2. O pesquisador (sic! sic!) Francisco Carlos Teixeira da Silva continua, sem dar sinal de vergonha, que a renúncia de Bento XVI  por razões de saúde é inédita. Nisso ele concorda com McBrien. Contudo, nem todos concordamos. Celestino V renunciou, segundo a história nos conta, por razões de ordem física e espiritual. Para o bem da Igreja, que ele tanto amava. Os registros vaticanos não camuflam as questões políticas envolvidas, mas não podem perscrutar as intenções dos homens, para além de suas próprias palavras.

3. O pesquisador (sic! sic! sic!) Francisco Carlos Teixeira da Silva teimosamente afirma, sem sinal algum de vergonha por suas palavras sem sentido, que a renúncia de Bento XVI “cria uma situação difícil para um dos principias dogmas da Igreja Católica: a infalibilidade papal”.  Caramba! Que relação há entre a renúncia e a Infalibilidade que, qualquer criança sabe, trata apenas de assuntos de fé e moral? O Papa Bento XVI, como ele mesmo diz, afasta-se também por falta de “vigor físico”. Ora, sua decisão nada tem a ver com o dogma da Infalibilidade. De que adianta um Papa que é assistido pelo Espírito Santo, mas não consegue expressar sua vontade, atendendo os mais de 5.000 bispos do mundo? Sem poder escrever ou pregar? Sem defender e contestar? E se é para relacionaar Infalibidade e todos os aspectos da vida do Pontífice (o que não se faz, mas aqui faremos apenas por digressão ad hominem), então deve-se concluir que ele foi assistido pelo Espírito Santo e, nesse caso, é assistido na sua decisão infalível de renunciar.
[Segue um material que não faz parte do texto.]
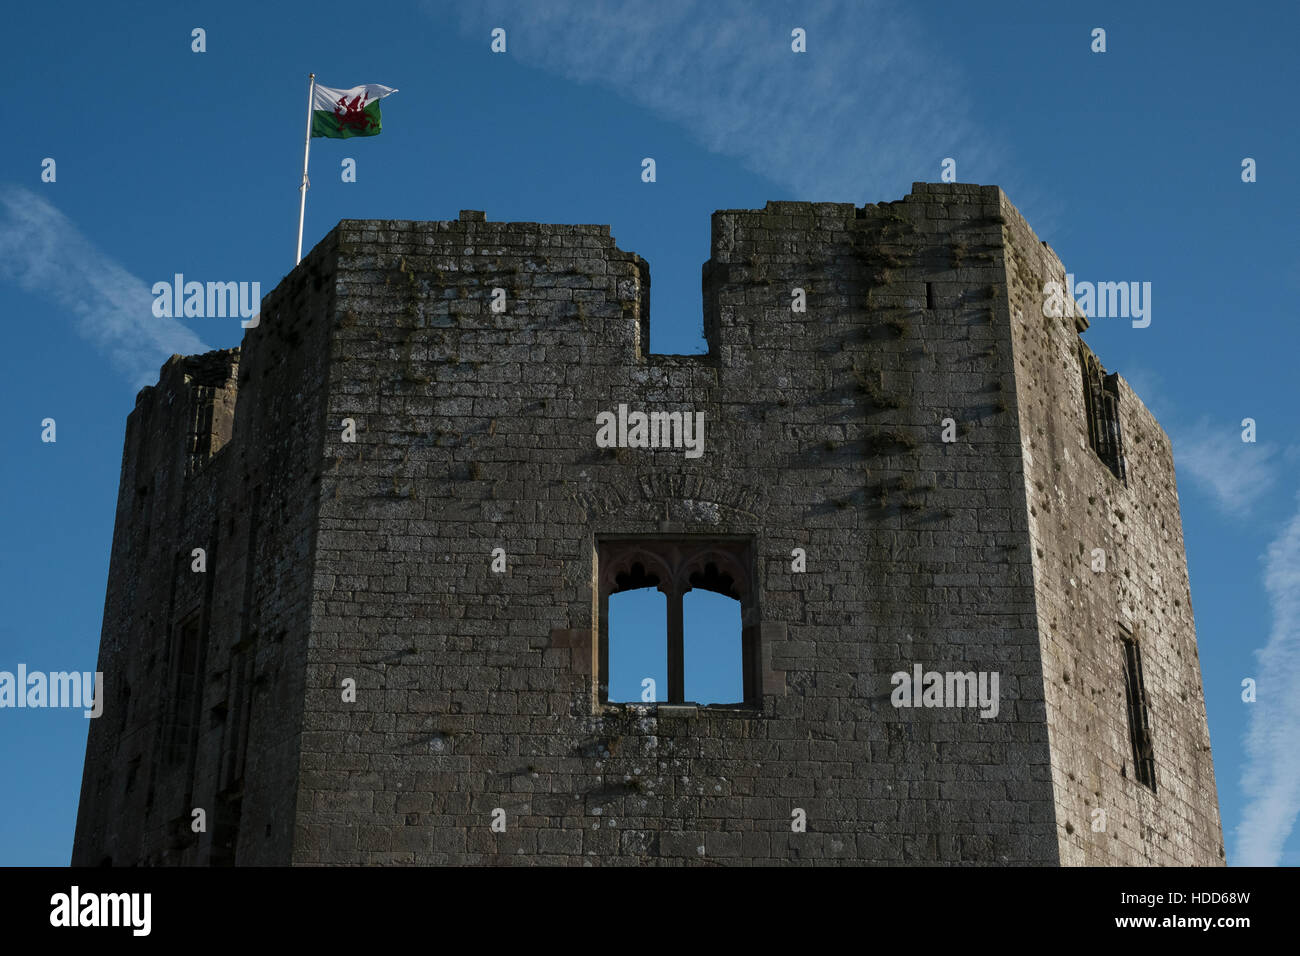 Welsh flag flying above stone castle tower, Wye Valley Stock Photo

Concluir a correção e infalibilidade da renúncia está muito mais próxima da confirmação da Infalibidade do que de sua negação. Mas o pesquisador não quer perceber isso.
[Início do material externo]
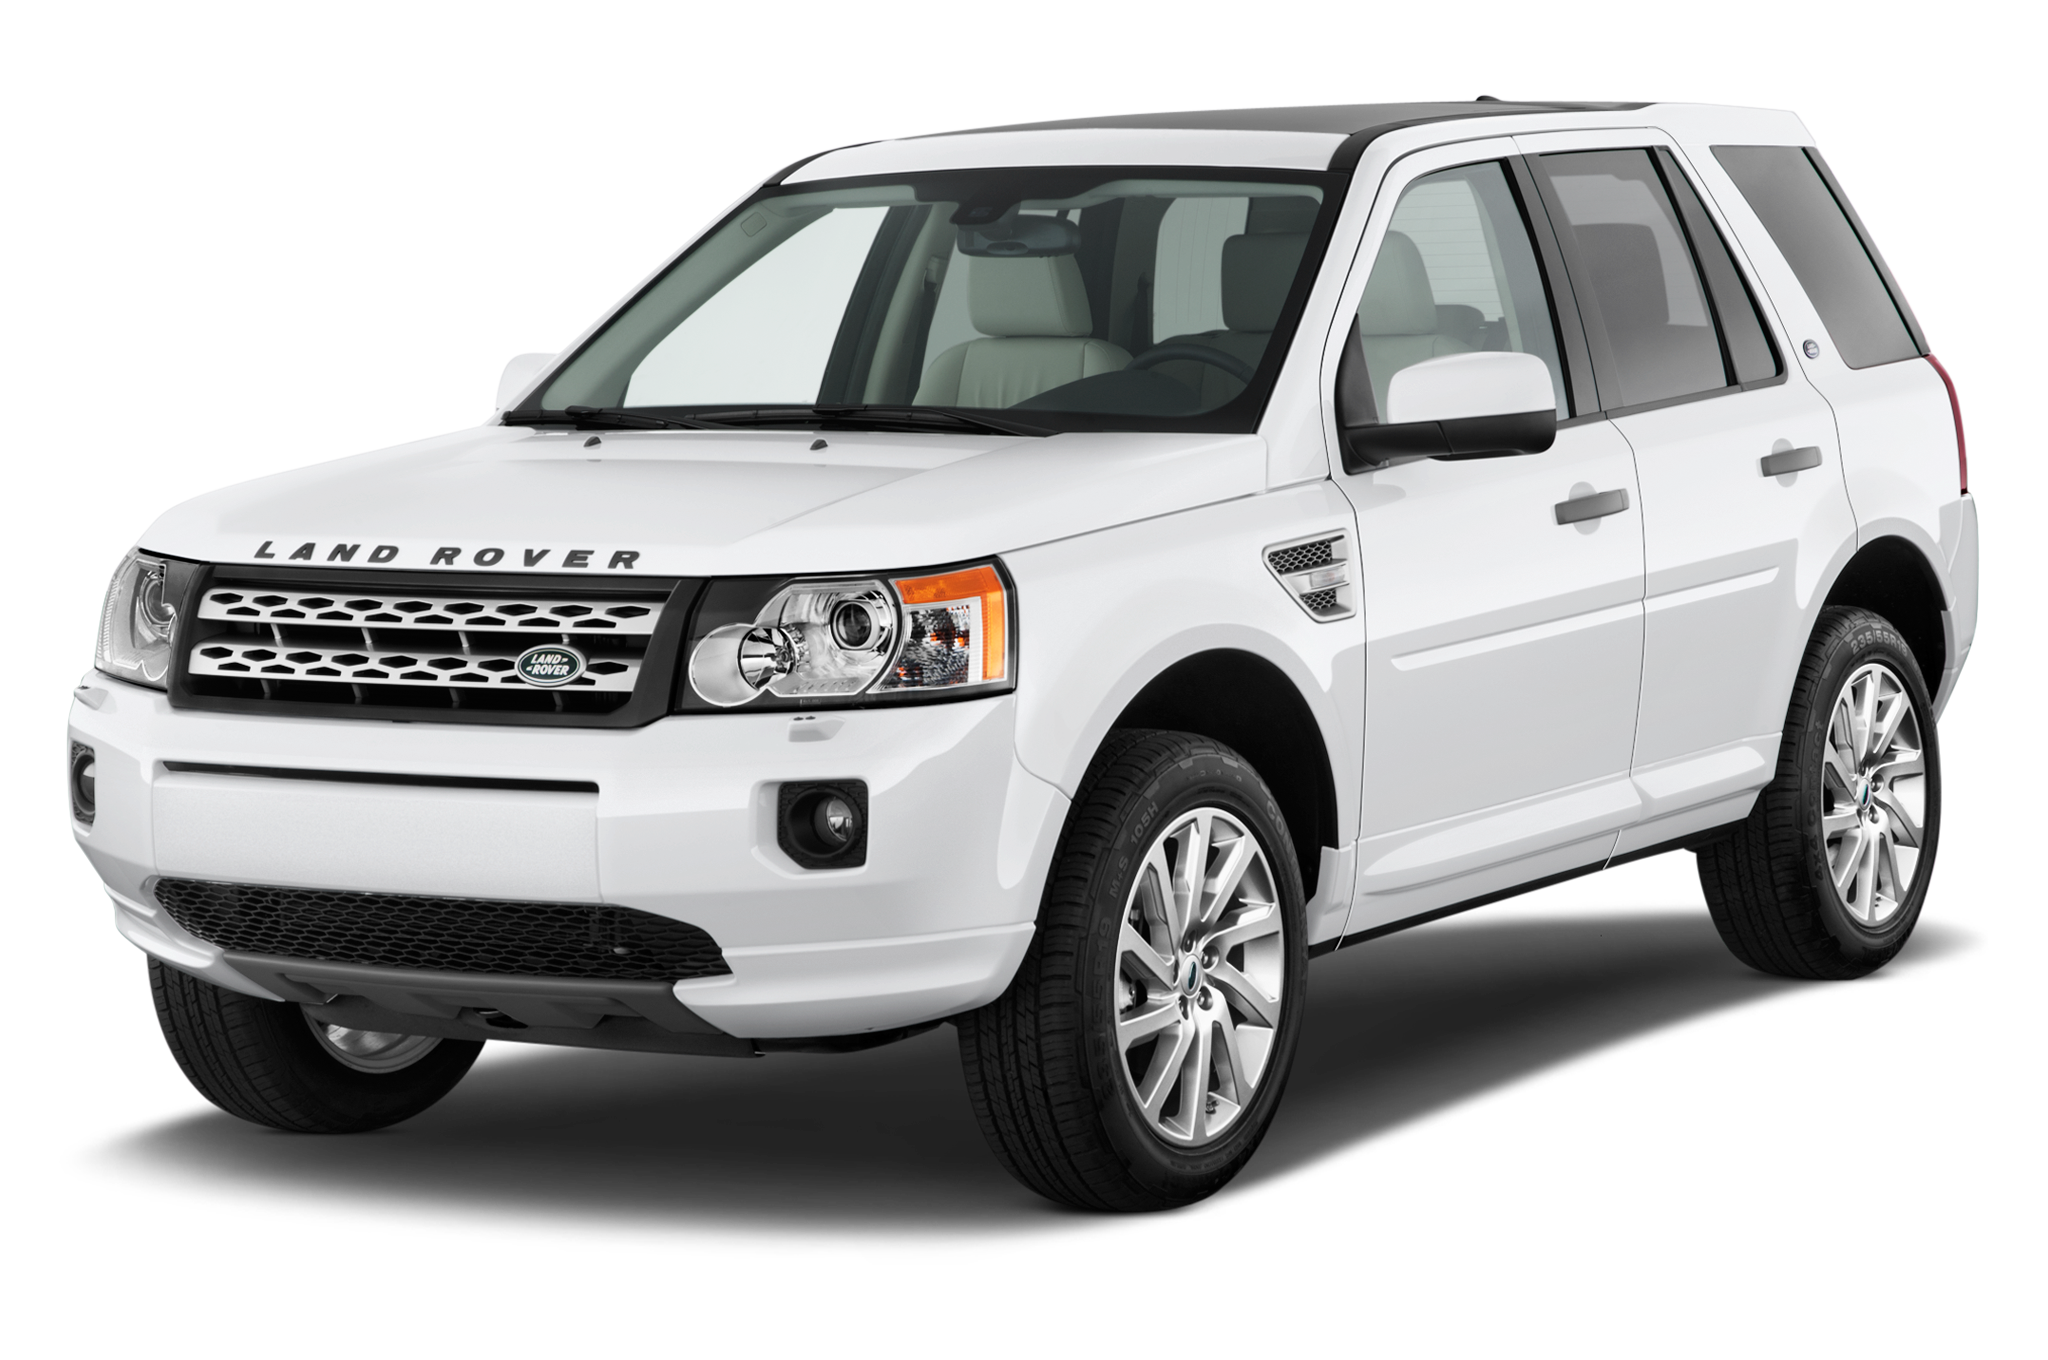 Land Rover PNG images

4. O pesquisador (sic! sic! sic! sic!) Francisco Carlos Teixeira da Silva não para e, sem suspeitar da bobagem que diz, afirma que a Igreja Católica é a única Monarquia Absoluta Eletiva no mundo. Aí ele vai explicar: “O Papa é o único monarca absoluto no mundo eletivo. Eletivo pela congregação, tá,  dos bispos e cardeais”. Pois é! Esse é o naipe dos comentaristas de religião da Globo News. Quem elege o Papa, segundo as atuais normas do Código de Direito Canônico, são só os cardeias, não os bispos. O que provoca indignação é que esse conhecimento é tão básico, é tão fundamental, que nem precisa ser doutorado em História da Igreja para saber isso. O Wikipedia dá essa informação de bandeja, para quem se interessa pela coisa. Se alguém quer mais, pode ir no Católicos porque… e certamente terá mais informações seguras.
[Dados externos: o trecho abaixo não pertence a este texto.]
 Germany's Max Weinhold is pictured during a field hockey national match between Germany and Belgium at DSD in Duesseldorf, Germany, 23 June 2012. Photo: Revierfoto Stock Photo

5. O pesquisador (sic! sic! sic! sic! sic!) Francisco Carlos Teixeira da Silva não desiste e, causando vergonha em todos os que o ouvem, faz afirmações de caráter jurídico. Ele defende, contra a lógica natural e o bom senso, que um Papa que renuncia ainda é Papa com todos os direitos e que conflitaria com o novo Papa eleito em Conclave: “O que vai acontecer com a existência de dois Papas?”. Ora, senhor pesquisador, o mesmo que acontece em uma democracia com a existência de dois presidentes: um eleito e o outro aposentado: nada. Na verdade, não há dois presidentes, apenas um. O mais recentemente eleito. Logo, não haverá dois papas, mas um só: o eleito mais recentemente.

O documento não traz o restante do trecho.